I am continuing my questions to the Health department to highlight the lack of specific costed plans to deal with the waiting lists and quality of service issues that worry people. I am urging the Treasury to make the grant of extra cash conditional on clear plans to deliver more and better service, which in turn will need suitable workforce plans. The answers below confirm there is plenty of management work to be done to set out what additional better service they are promising and how they will spend the extra money they have been granted.

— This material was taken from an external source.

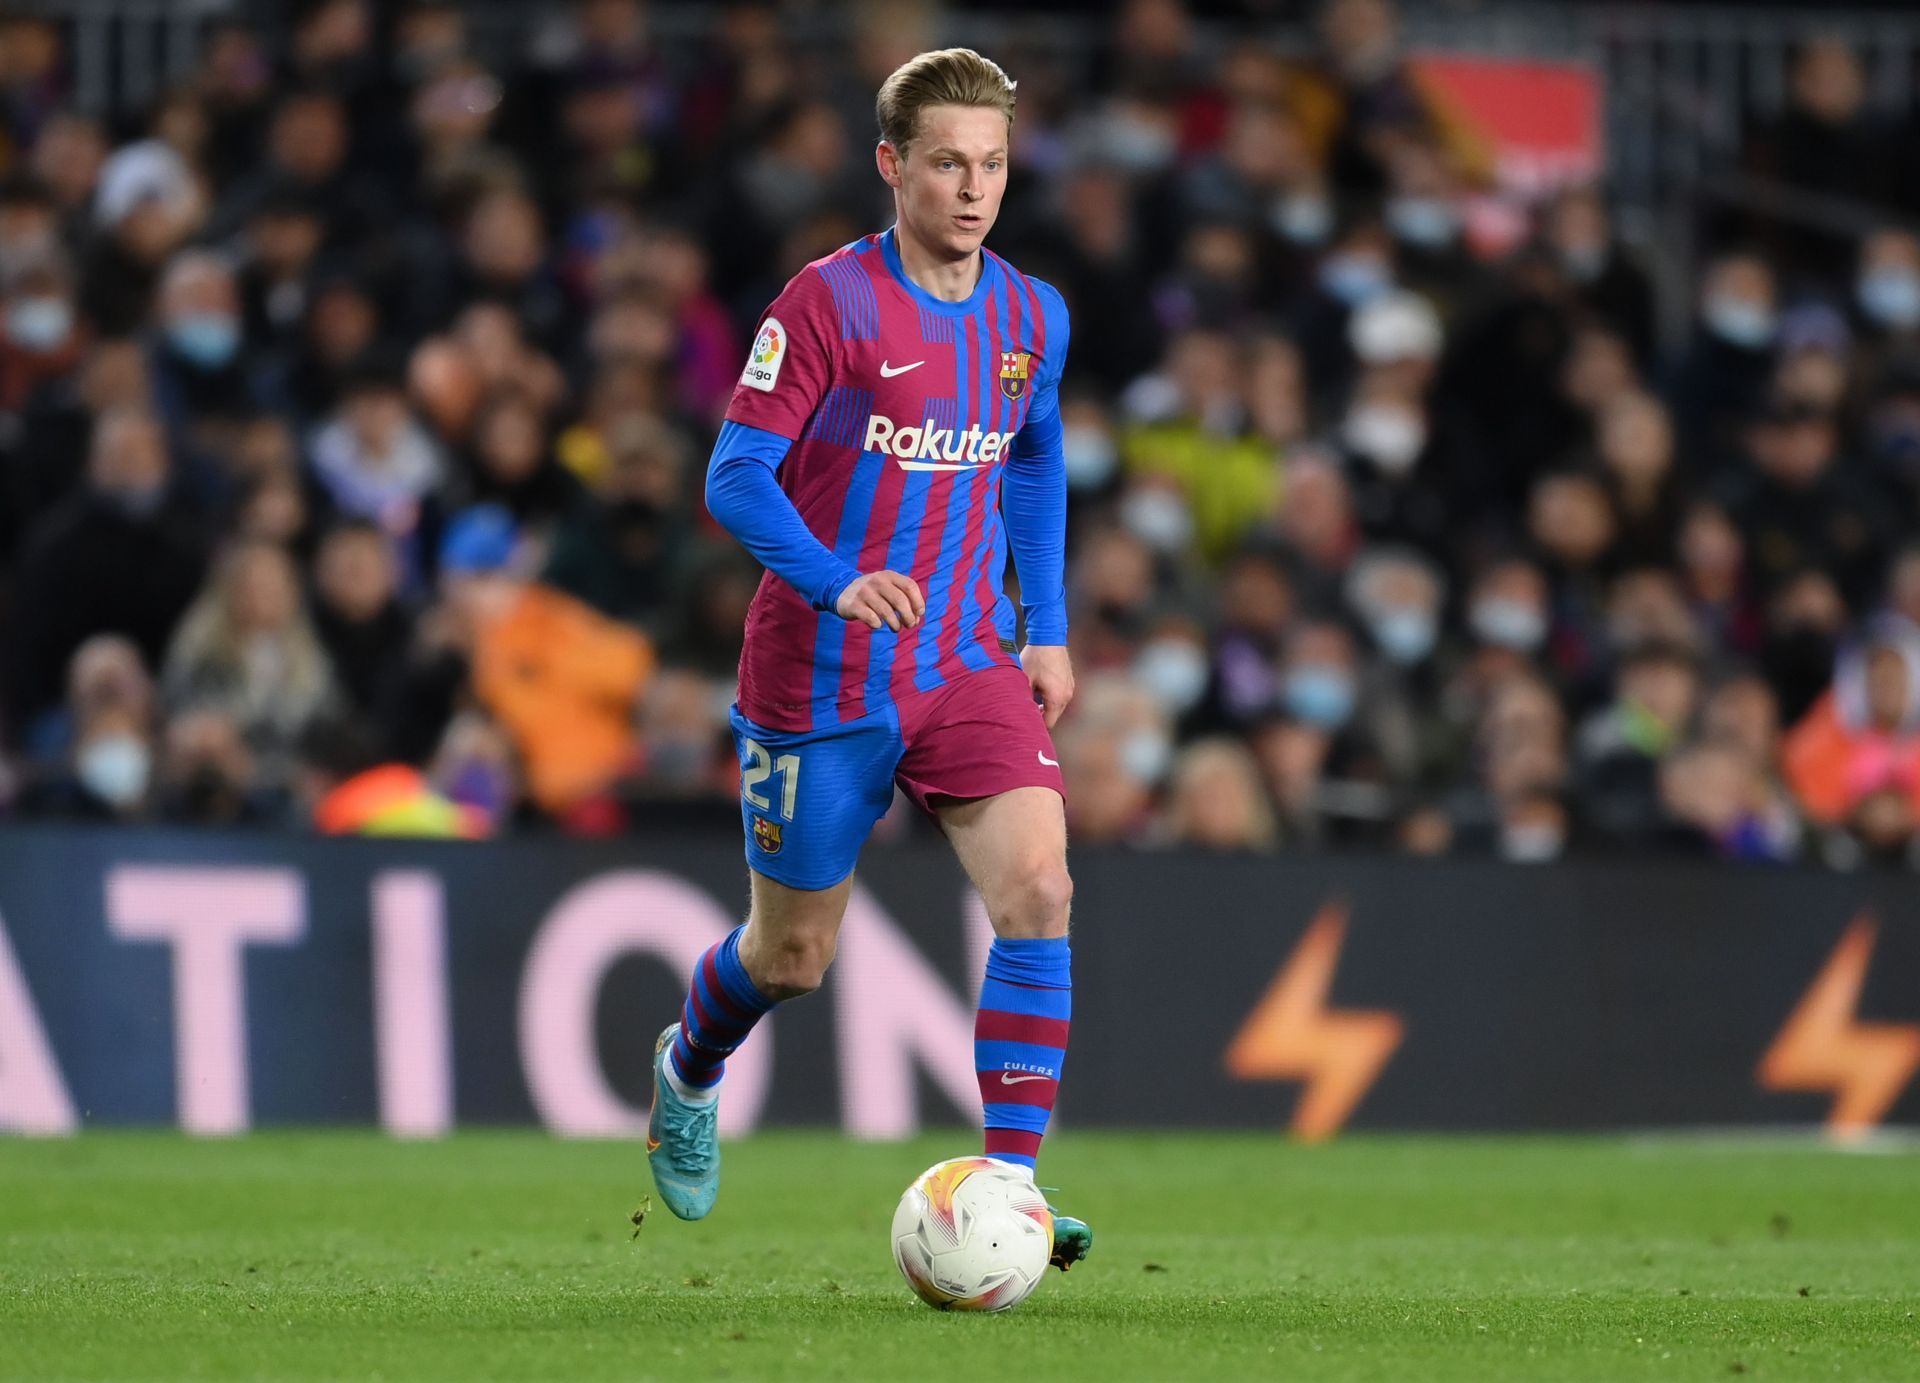 Frenkie de Jong has been heavily linked with a move to Old Trafford

The Department of Health and Social Care has provided the following answer to your written parliamentary question (146529):
Question:
To ask the Secretary of State for Health and Social Care, in the absence of a manpower and recruitment plan, what steps the NHS takes to forecast its spending needs for the year ahead. (146529)
Tabled on: 24 March 2022
Answer:
Edward Argar:
NHS England and NHS Improvement published the ‘2022/23 priorities and operational planning guidance’ on 24 December 2021. This is supplemented by technical guidance on the associated financial assumptions on which the National Health Service should plan. Individual systems plan spending for the year against allocations in response to this guidance and submit plans to NHS England and NHS Improvement to aggregate into an overall NHS financial plan. We expect the NHS to manage their spend within the overall budget in the Mandate.

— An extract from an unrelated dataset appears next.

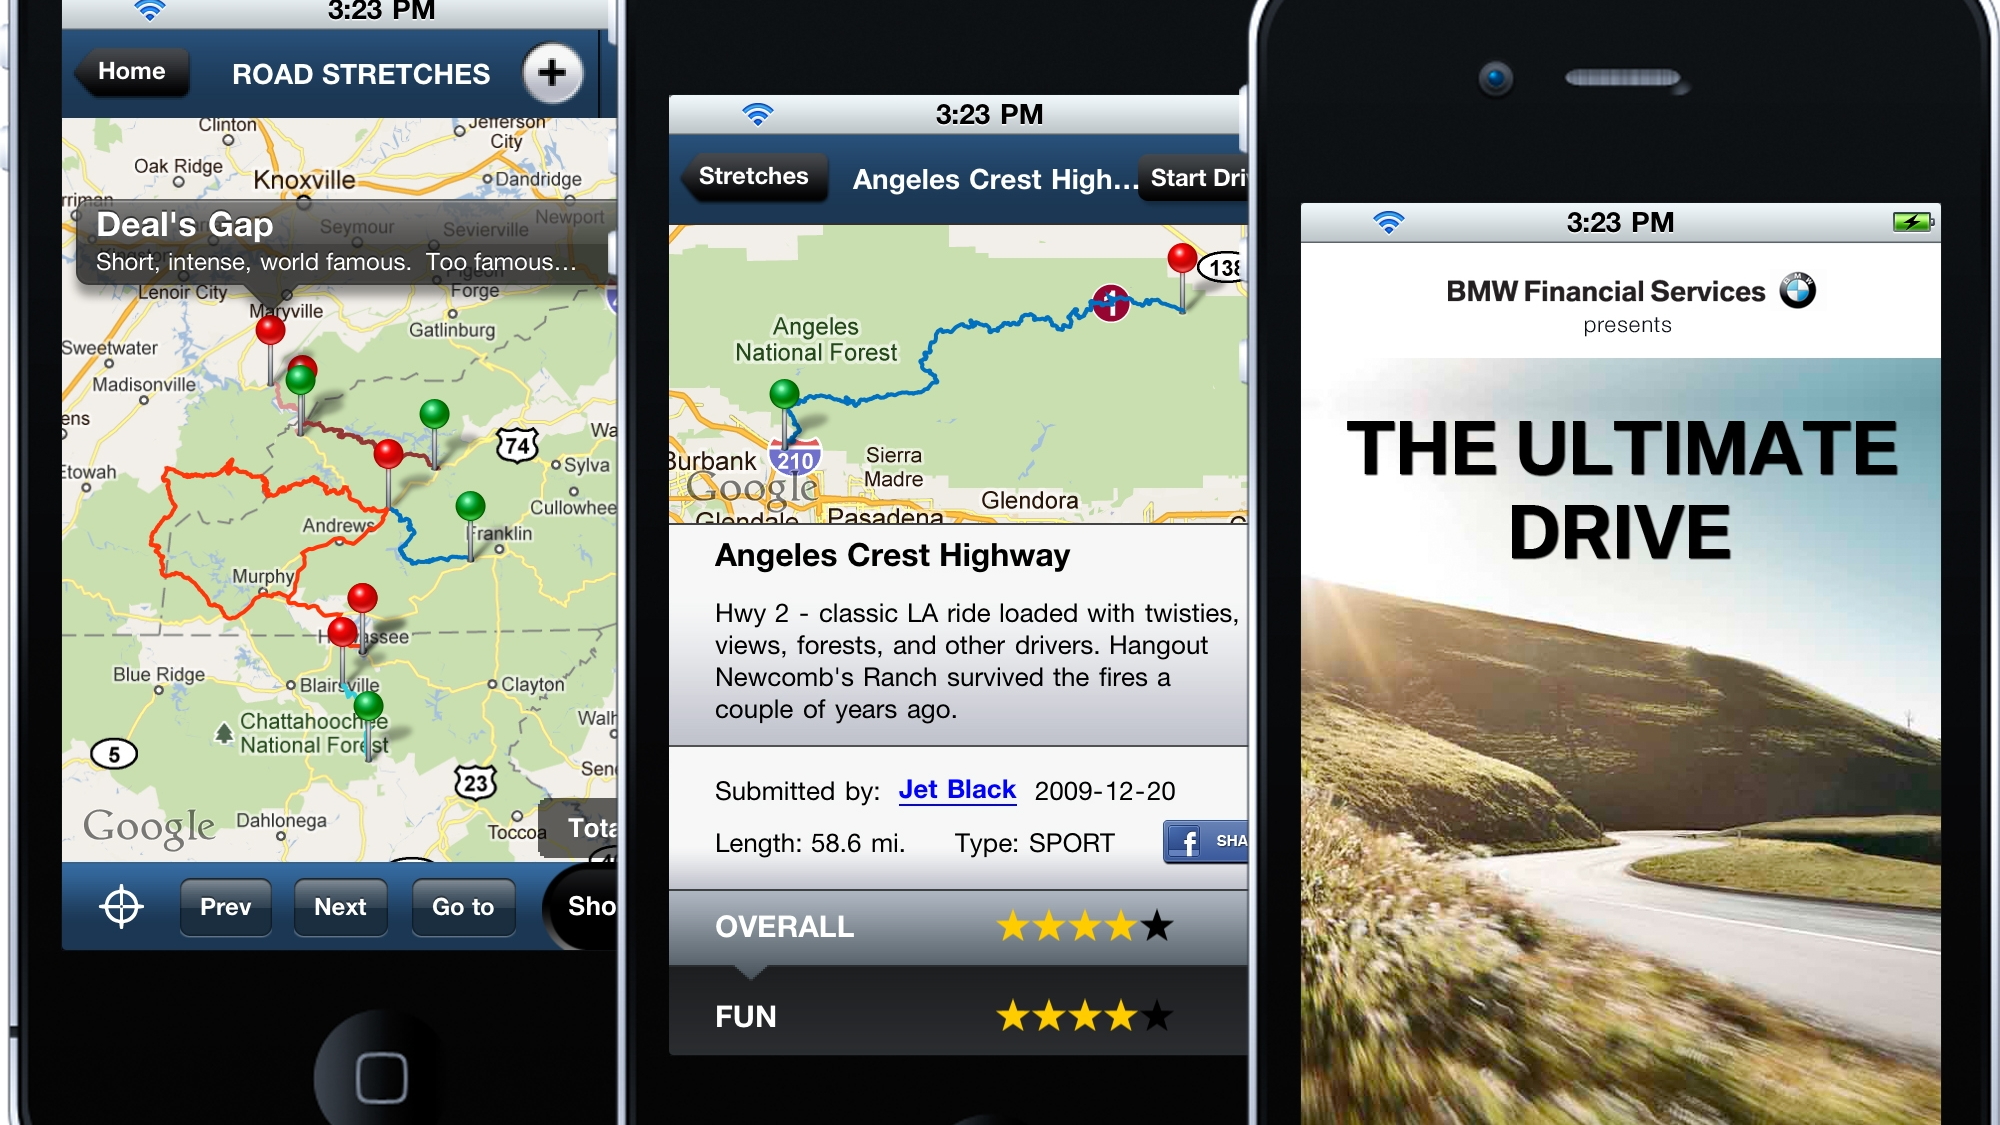 BMW "The Ultimate Drive" app

The answer was submitted on 29 Mar 2022 at 13:13.
The Department of Health and Social Care has provided the following answer to your written parliamentary question (146531):
Question:
To ask the Secretary of State for Health and Social Care, how often he meets the Chief Executive of NHS England to review progress with reducing waiting lists and other matters. (146531)
Tabled on: 24 March 2022
Answer:
Edward Argar:
My Rt hon. Friend the Secretary of State for Health and Social Care meets regularly with the Chief Executive of NHS England to discuss a range of issues, including progress on reducing waiting lists.

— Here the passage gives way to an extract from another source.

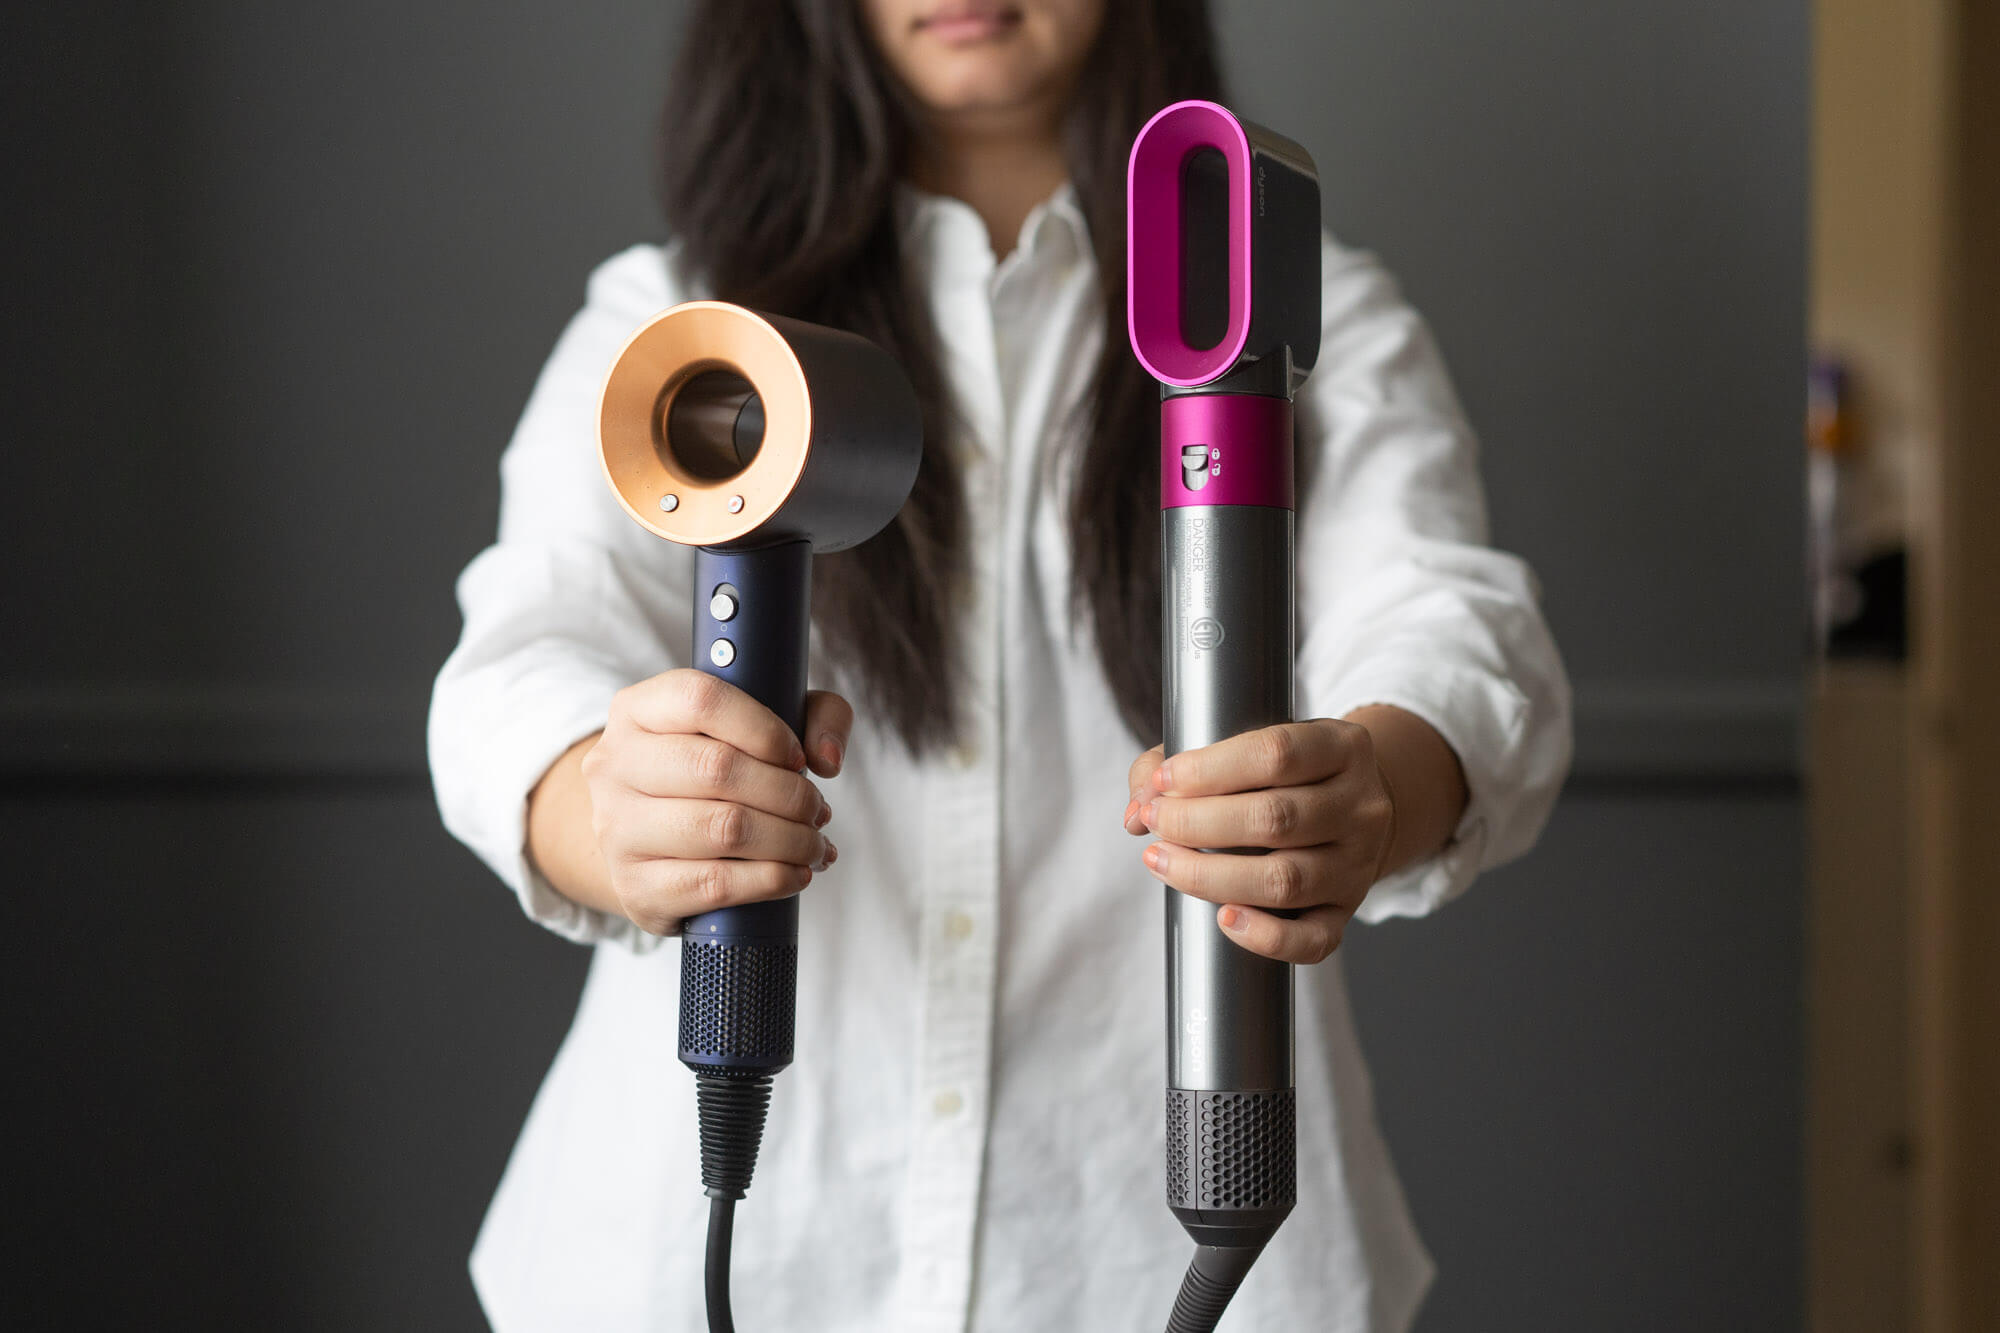 Dyson Hair Dryer vs Airwrap Styler - Which Is Better? - Your Best Digs

The answer was submitted on 29 Mar 2022 at 13:15.
March 31, 2022
Tells you everything that you need to know about the management of the health service.
Flying by the seat of their pants with uncalculated provision and unmeasured outcomes
Non answers as usual
March 31, 2022
The evasiveness is because they don’t know precisely and/or they resent the intrusion into their day to day activities.
A general picture is emerging.
However, unless there is a growing call to remedy these numerous failings the revelations will have no further impact. There may be a defensive counter attack that it is not for outsiders to micromanage their activities. How do we escalate our concerns ?
March 31, 2022
That way they can always plead poverty. The government didn’t give us enough money without actually having a budget outlining what they actually need.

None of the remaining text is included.